■ **Given material**:

◇ ◇ ◇ ◇ ◇

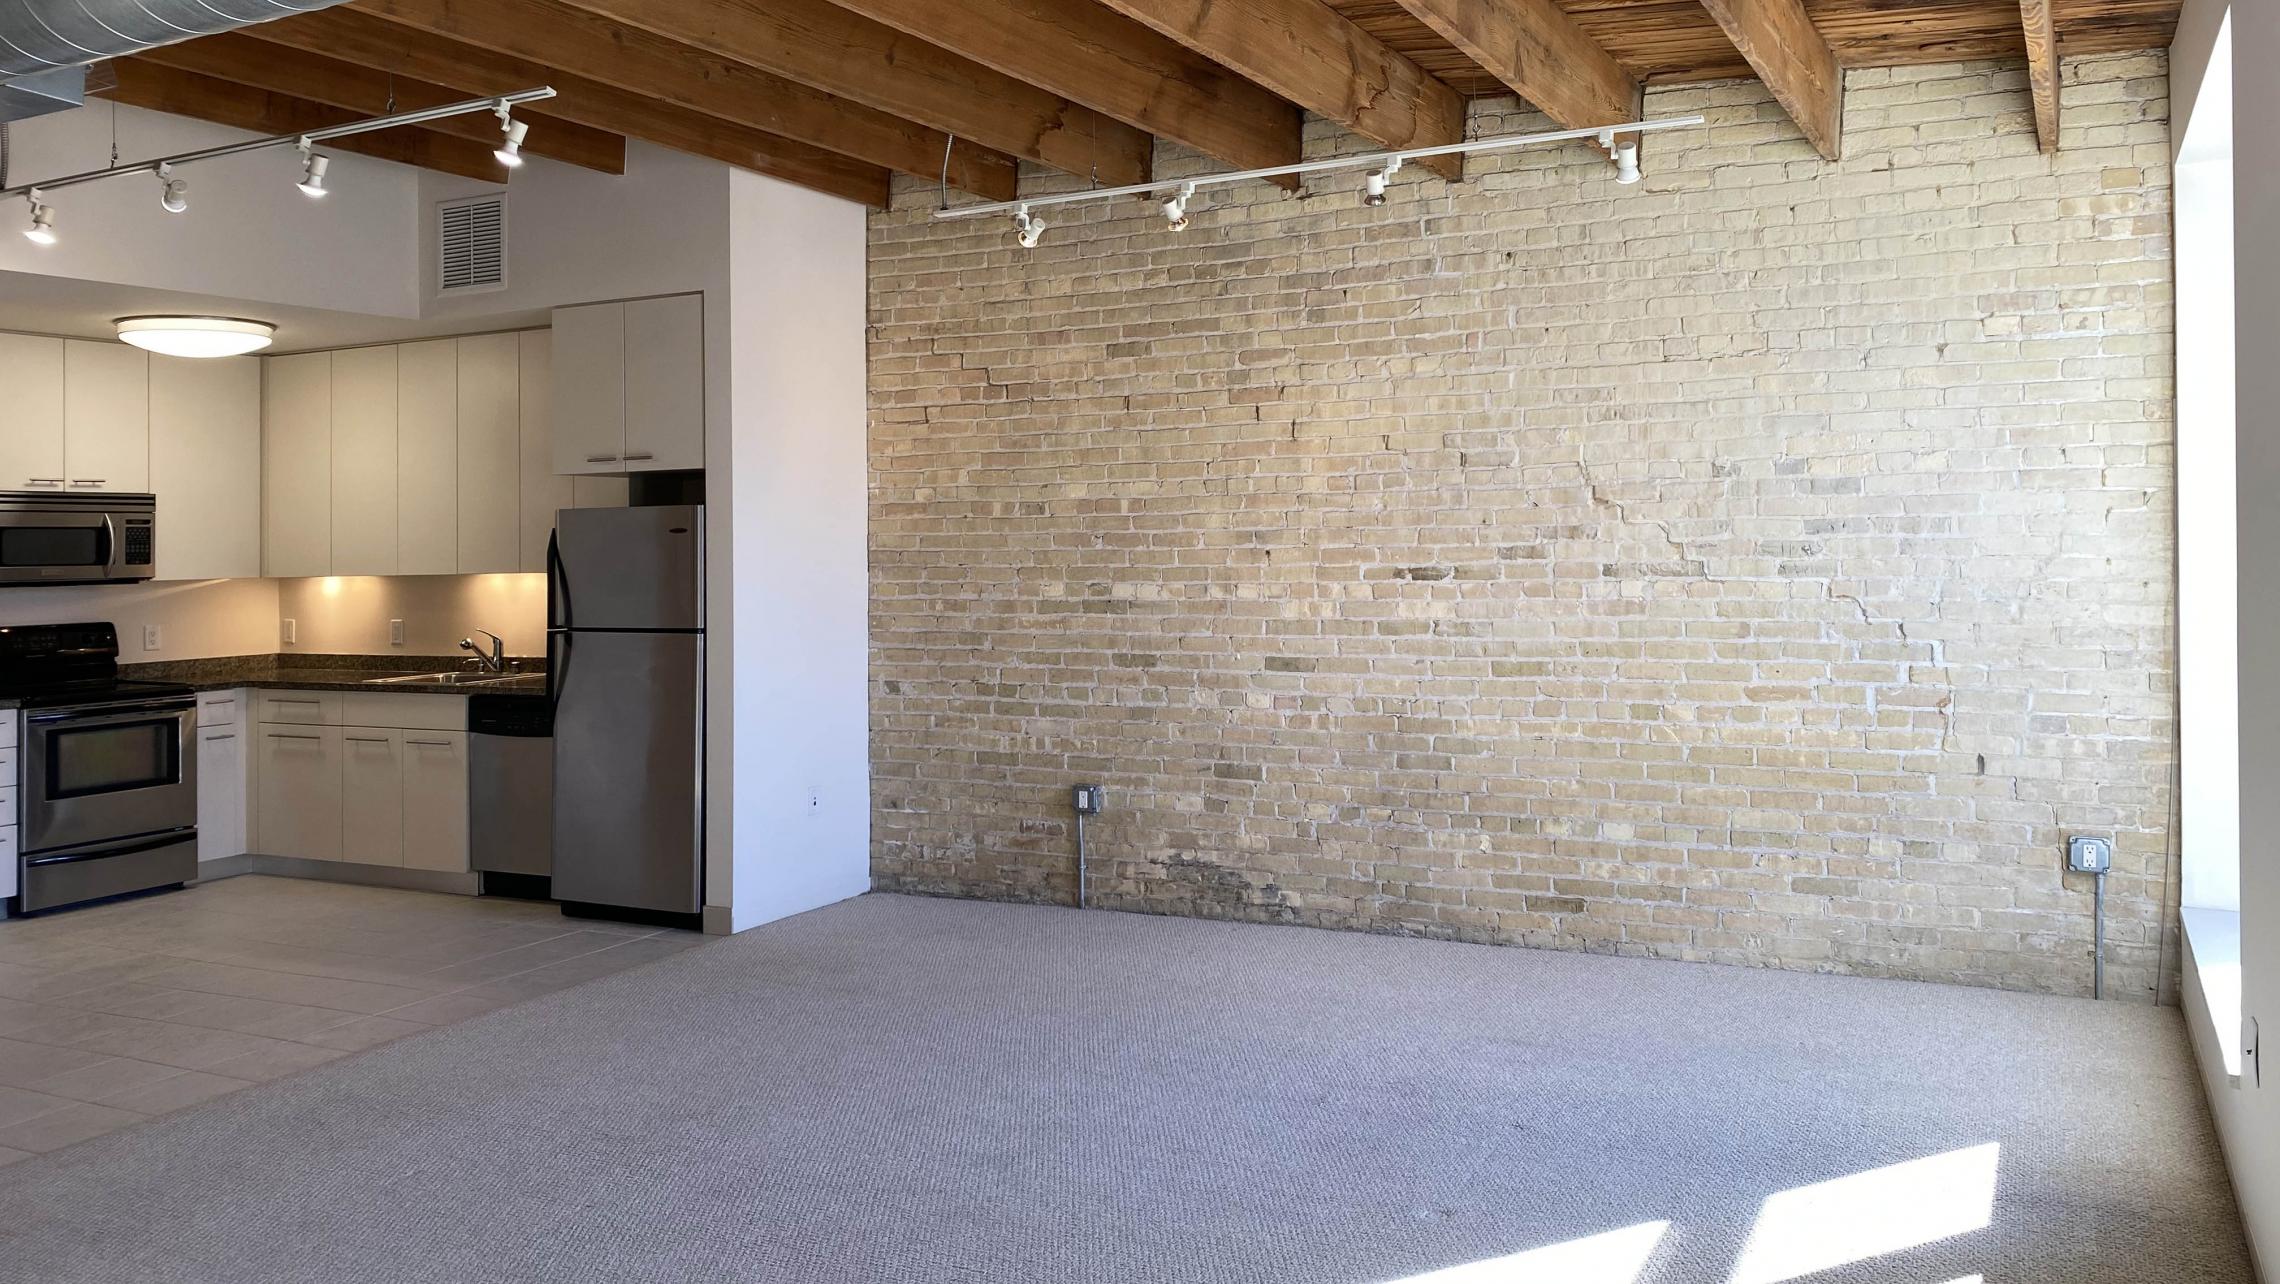 Tobacco-Lofts-at-The-Yards-Apartment-W206-Studio-Bathrom-Kitchen-Balcony-Historic-Exposed-Brick-Timber-Beams-Unique-Design-Cats-High-Ceiling-Balcony-Downtown-Madison-Fitness-Lounge-Courtyard-Top-Floor-Vaulted-Ceiling
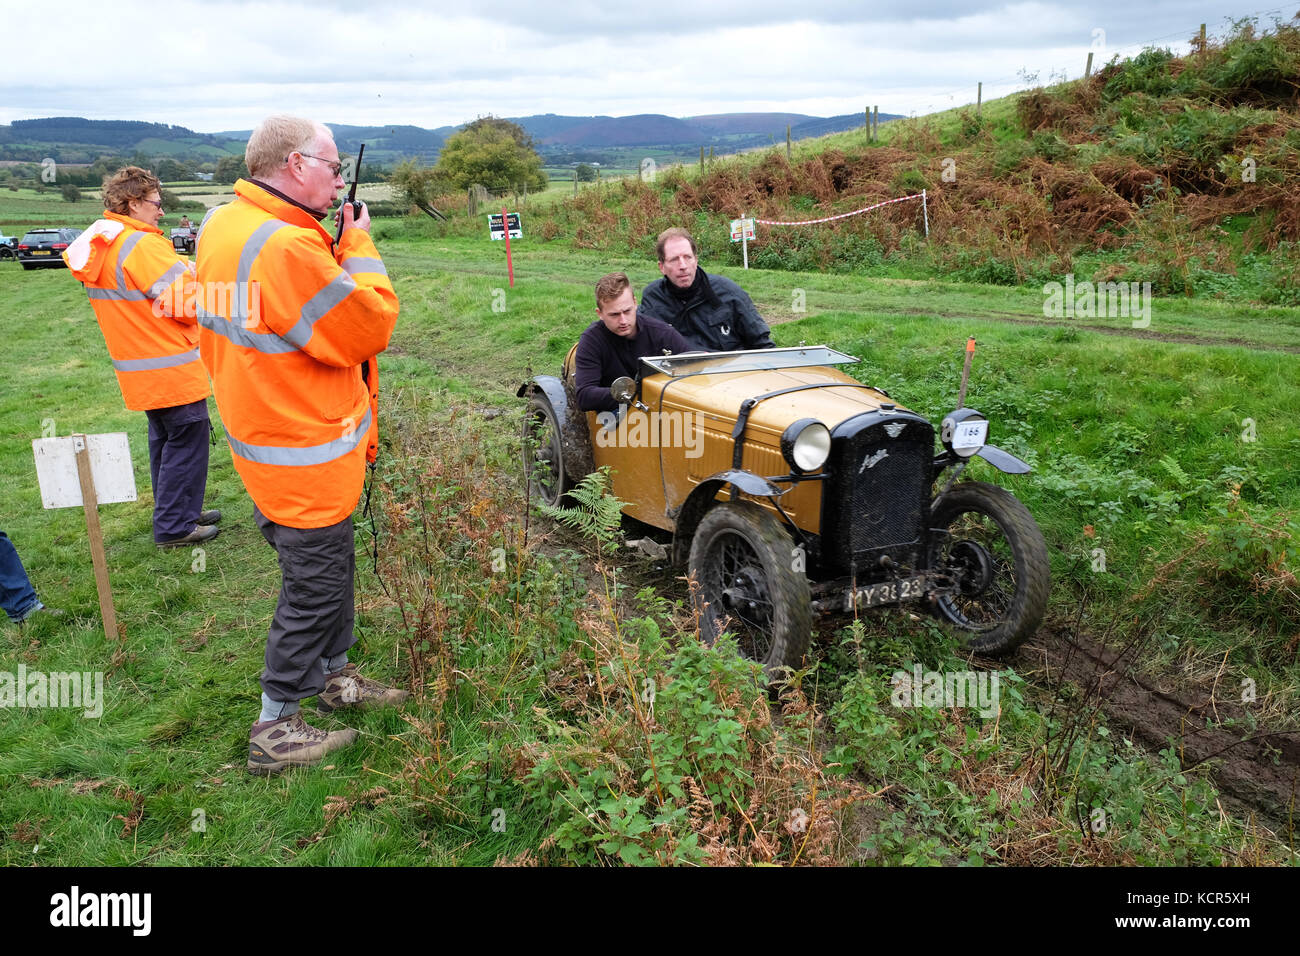 Badlands Farm near Kinnerton, Powys - October 2017 - Vintage Sports Car Club ( VSCC ) Welsh Trial a hill climb event where competitors score points as they progress up a muddy hill climb - Shown here a vintage Austin 7 built in 1930 crossing the start line under the gaze of the competition marshalls on the hill climb. Credit: Steven May/Alamy Live News Stock Photo
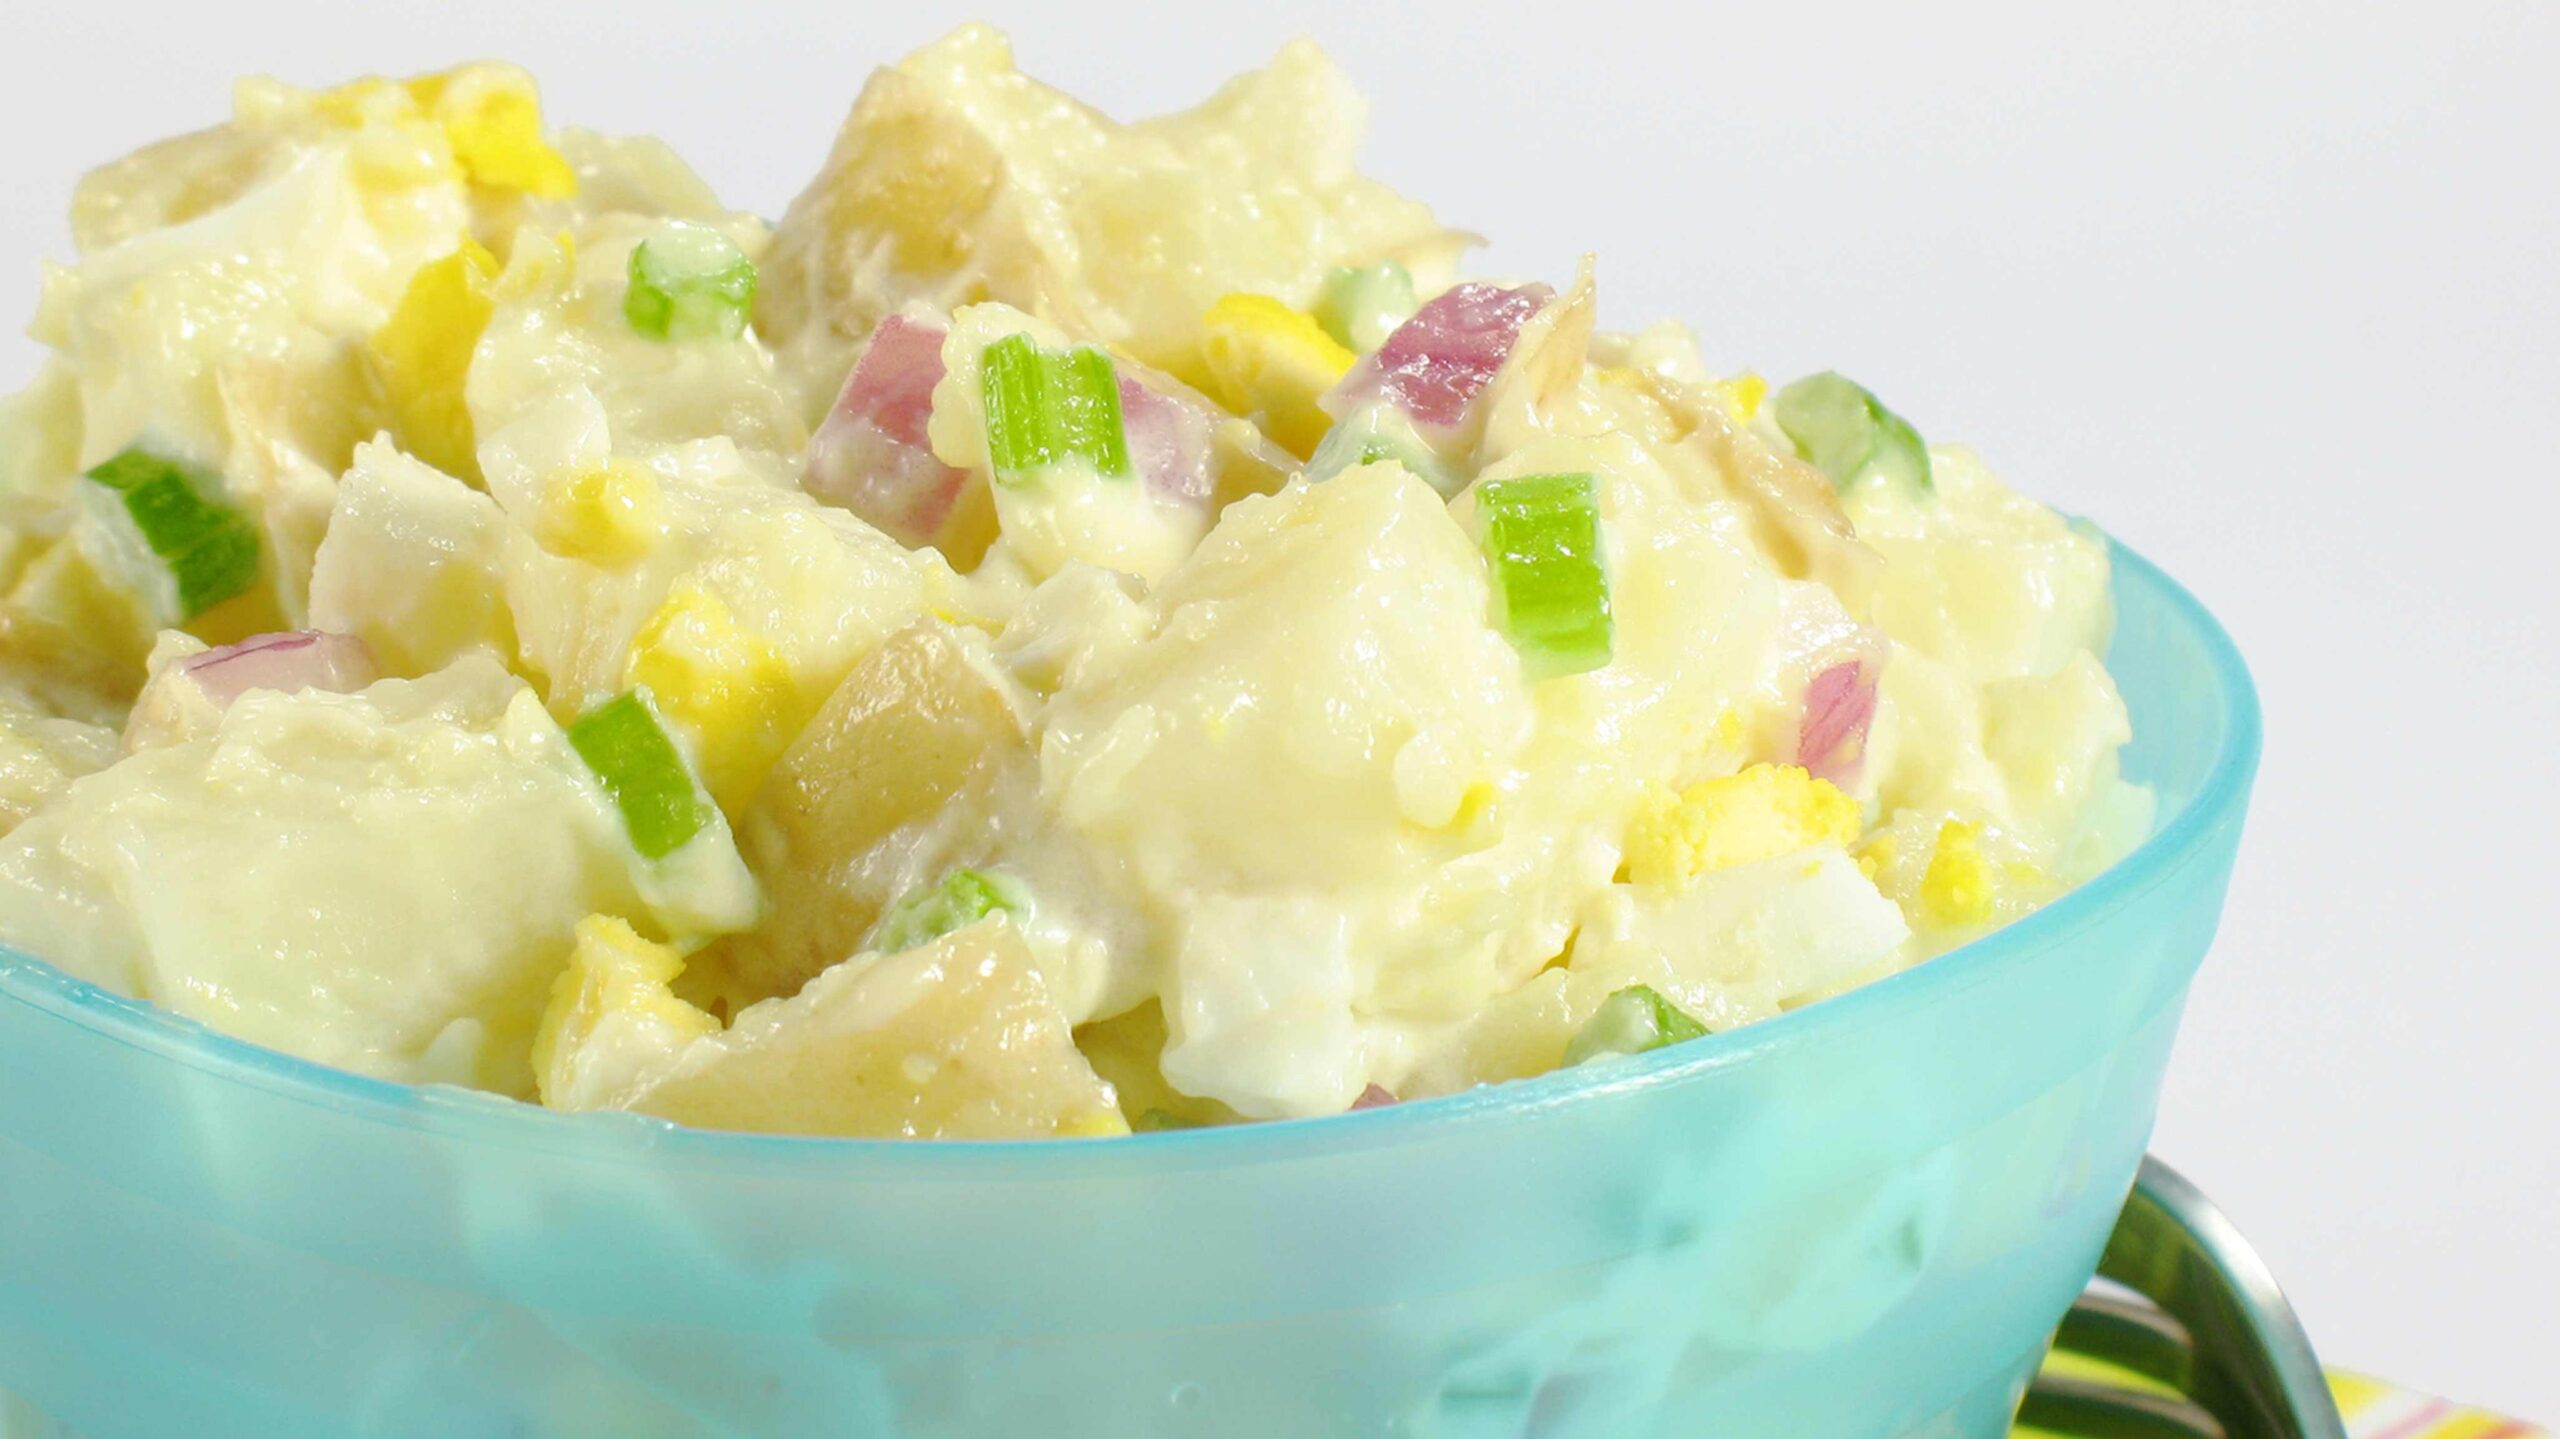  Watch out for this mouth-watering potato salad!

◇ ◇ ◇ ◇ ◇

■ **About this exercise**: Write out everything in the data word for word. Omit each picture.

■ **Solution**:
 Tobacco-Lofts-at-The-Yards-Apartment-W206-Studio-Bathrom-Kitchen-Balcony-Historic-Exposed-Brick-Timber-Beams-Unique-Design-Cats-High-Ceiling-Balcony-Downtown-Madison-Fitness-Lounge-Courtyard-Top-Floor-Vaulted-Ceiling
 Badlands Farm near Kinnerton, Powys - October 2017 - Vintage Sports Car Club ( VSCC ) Welsh Trial a hill climb event where competitors score points as they progress up a muddy hill climb - Shown here a vintage Austin 7 built in 1930 crossing the start line under the gaze of the competition marshalls on the hill climb. Credit: Steven May/Alamy Live News Stock Photo
  Watch out for this mouth-watering potato salad!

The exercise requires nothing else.